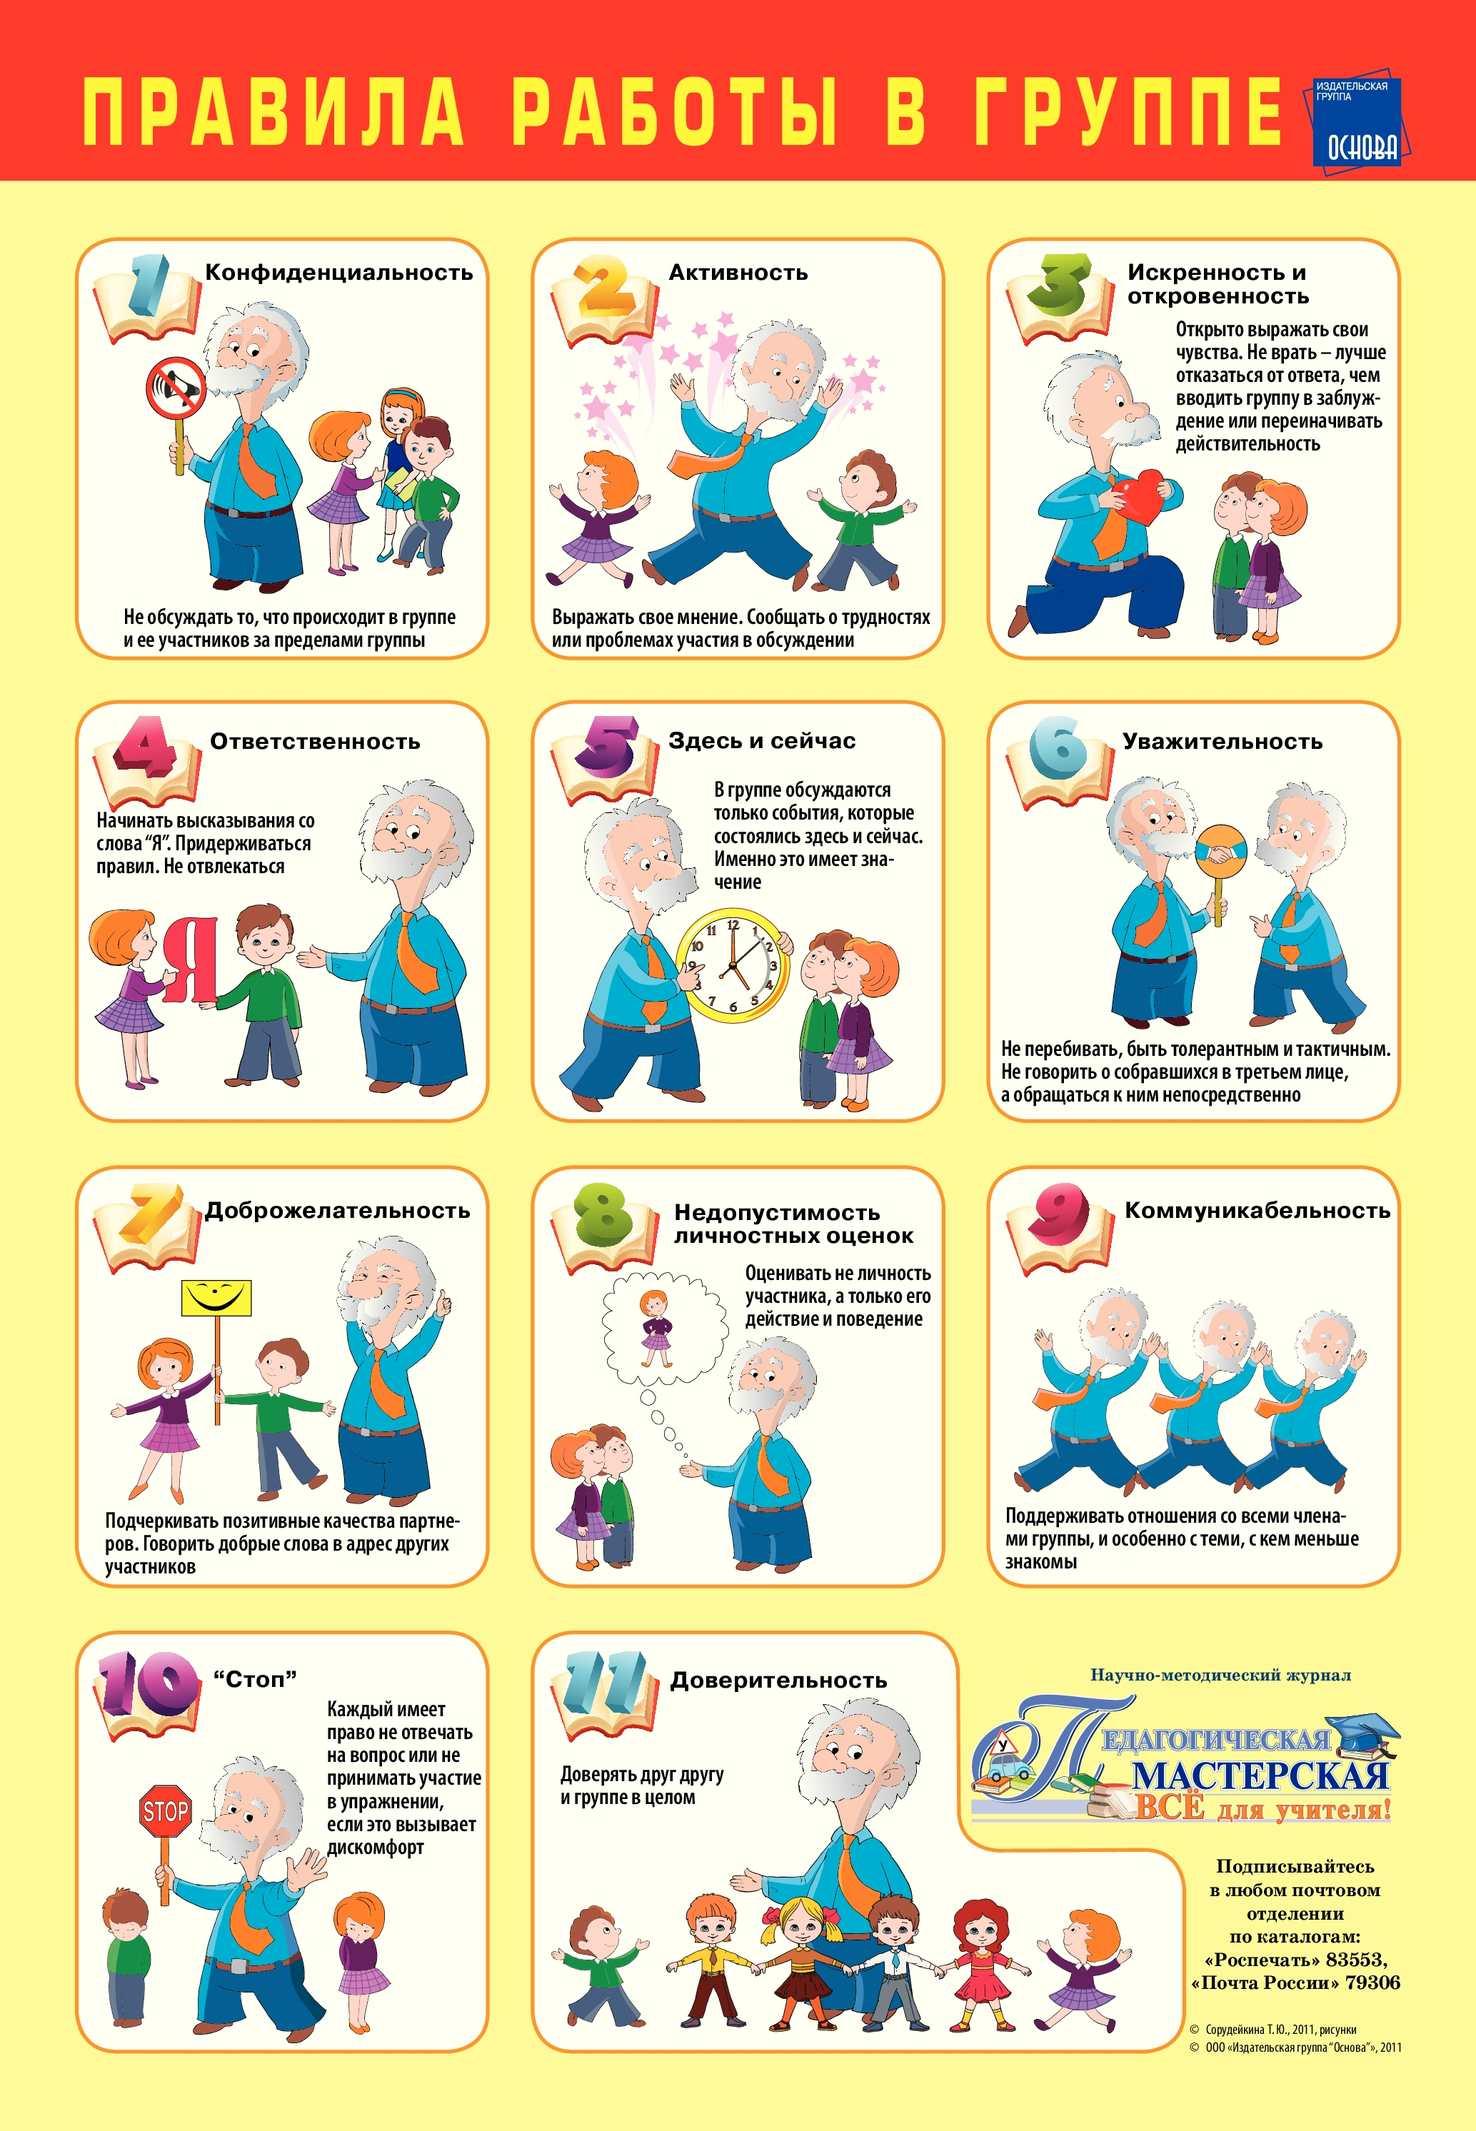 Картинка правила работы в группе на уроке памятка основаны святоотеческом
•••••
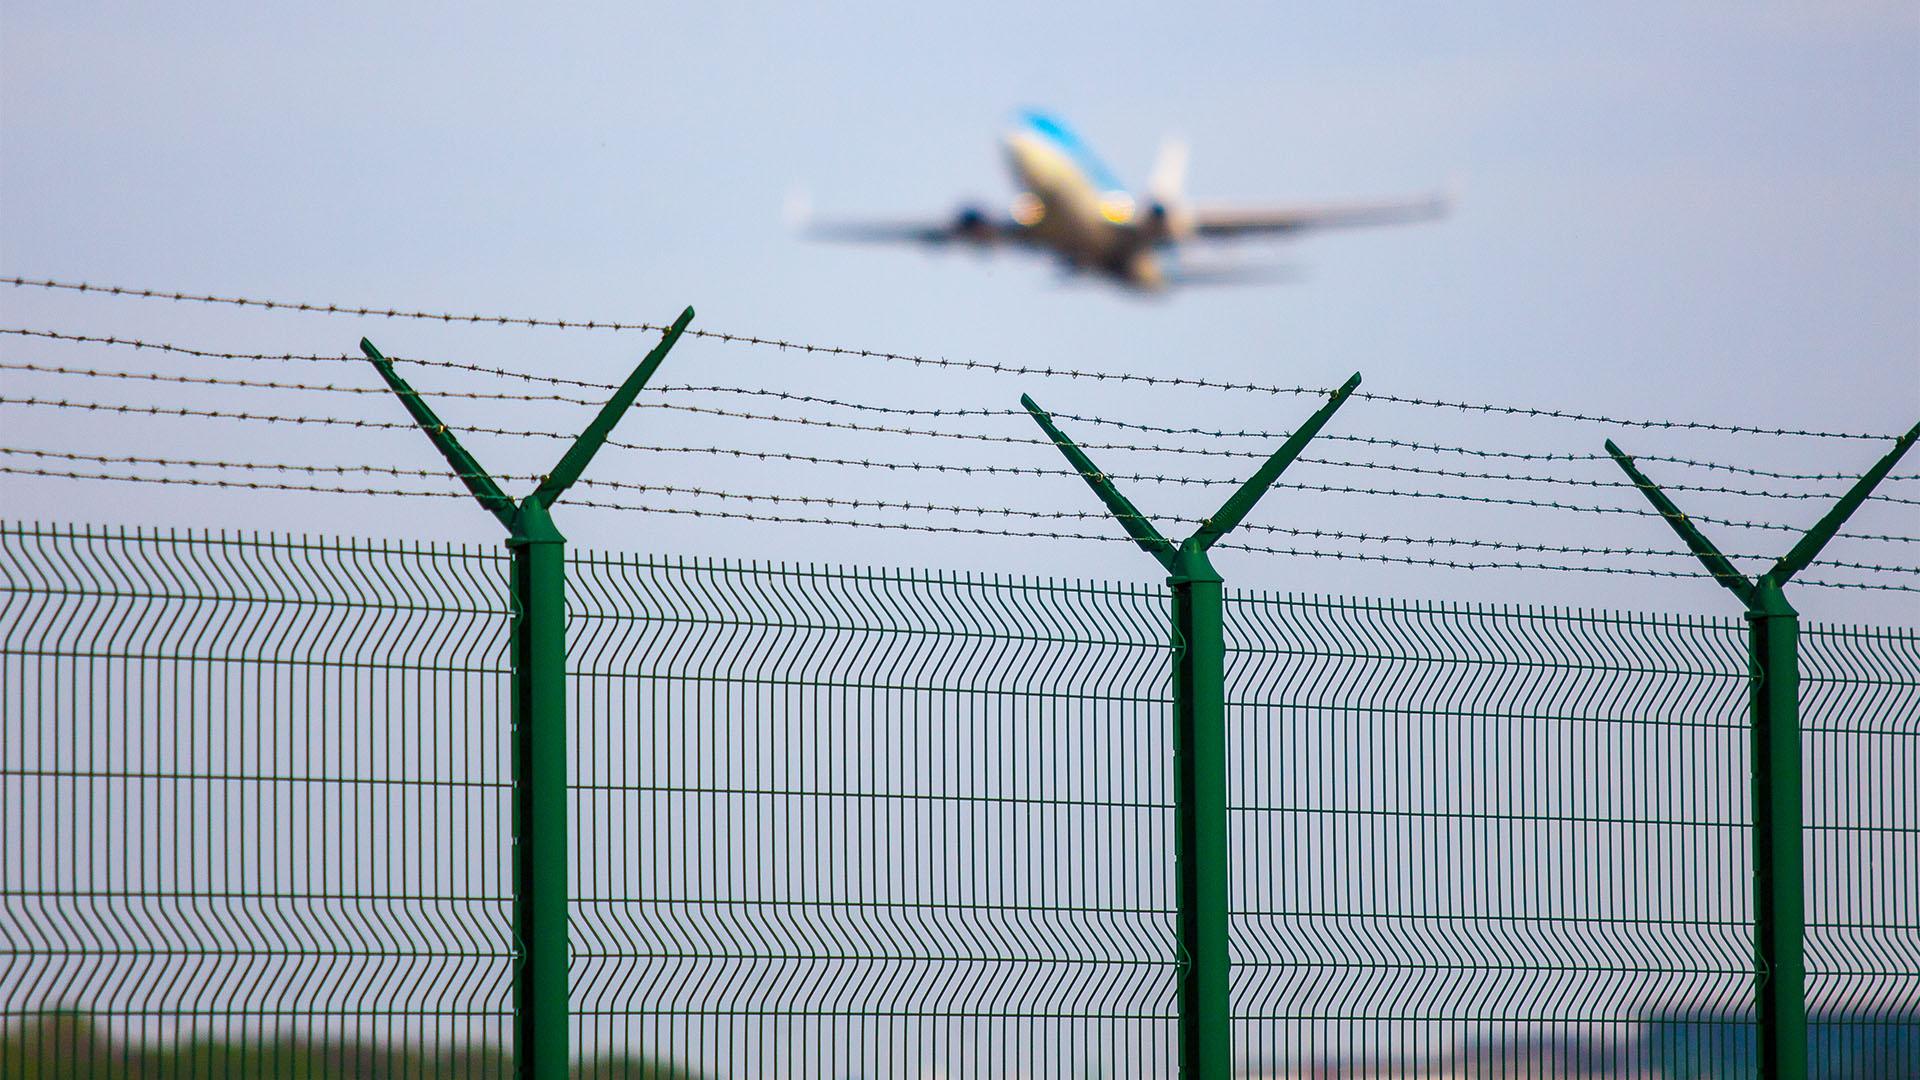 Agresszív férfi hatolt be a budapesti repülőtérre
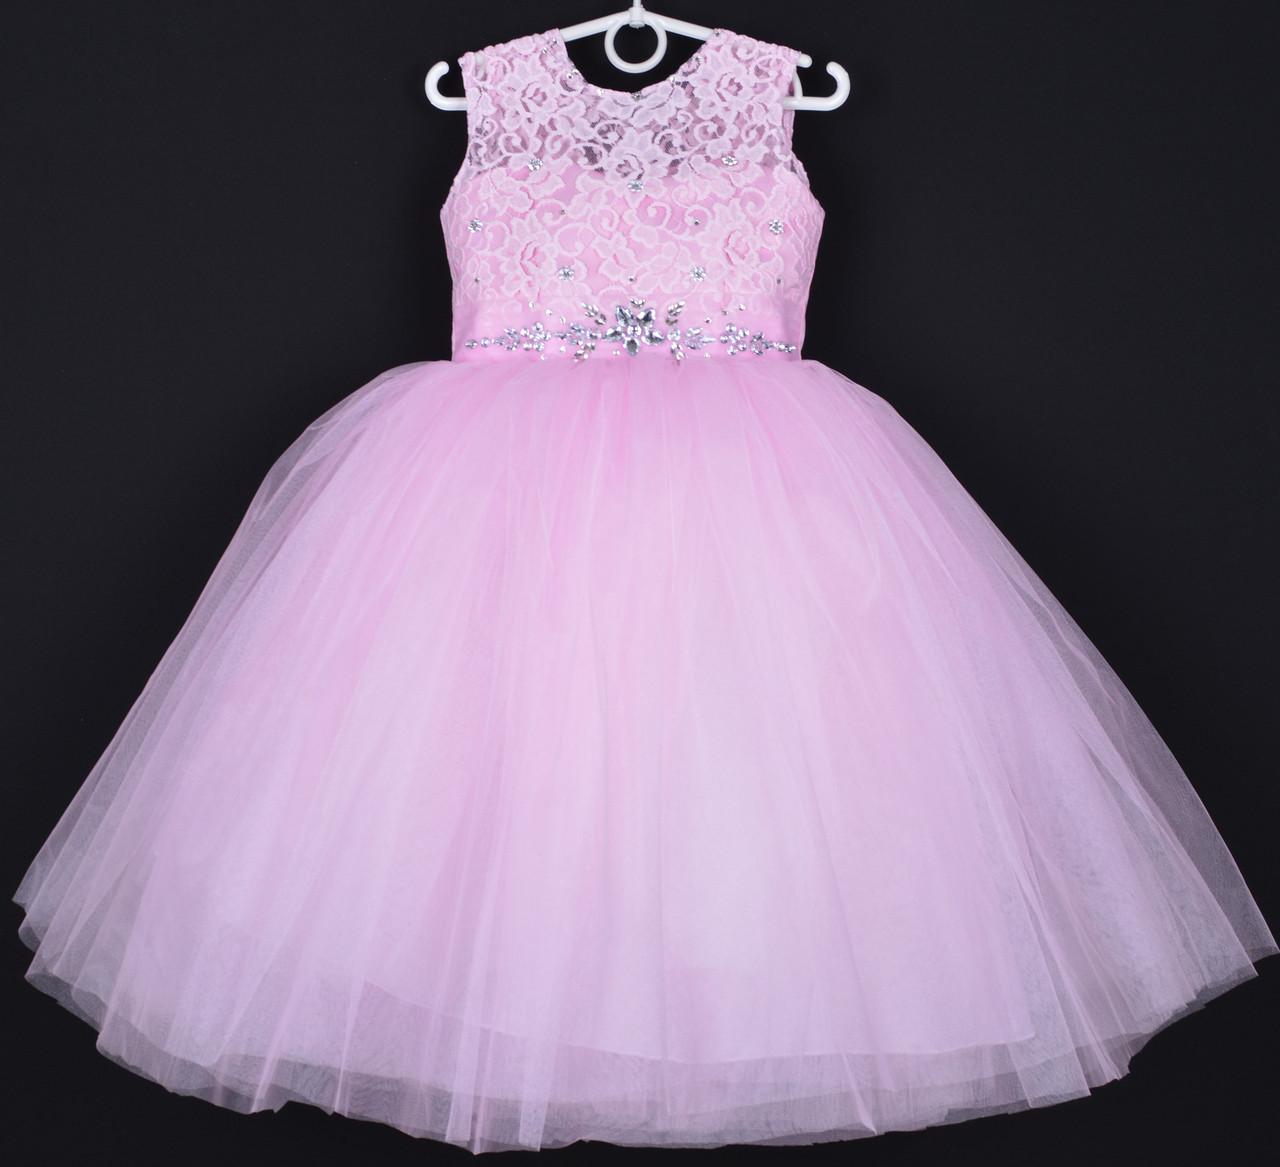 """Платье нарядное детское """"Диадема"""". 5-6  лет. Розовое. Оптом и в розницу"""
•••••
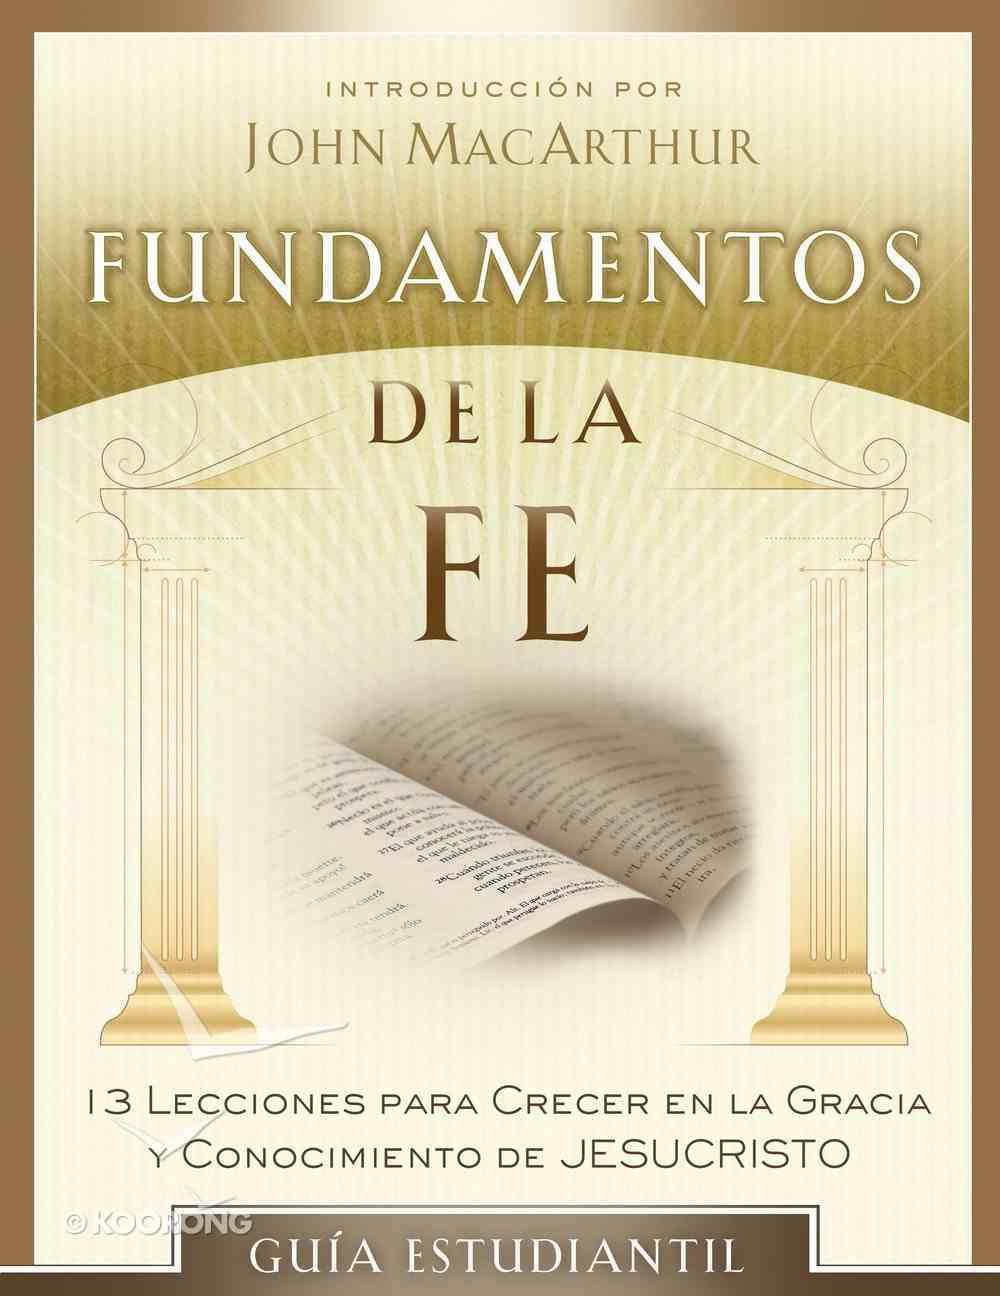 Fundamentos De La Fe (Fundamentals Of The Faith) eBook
•••••
Aim of the exercise:
I'd like the lines above repeated exactly, from the one that contains "Agresszív férfi hatolt" through the one that contains "лет. Розовое. Оптом", with no pictures.

The answer:
 Agresszív férfi hatolt be a budapesti repülőtérre
 """Платье нарядное детское """"Диадема"""". 5-6  лет. Розовое. Оптом и в розницу"""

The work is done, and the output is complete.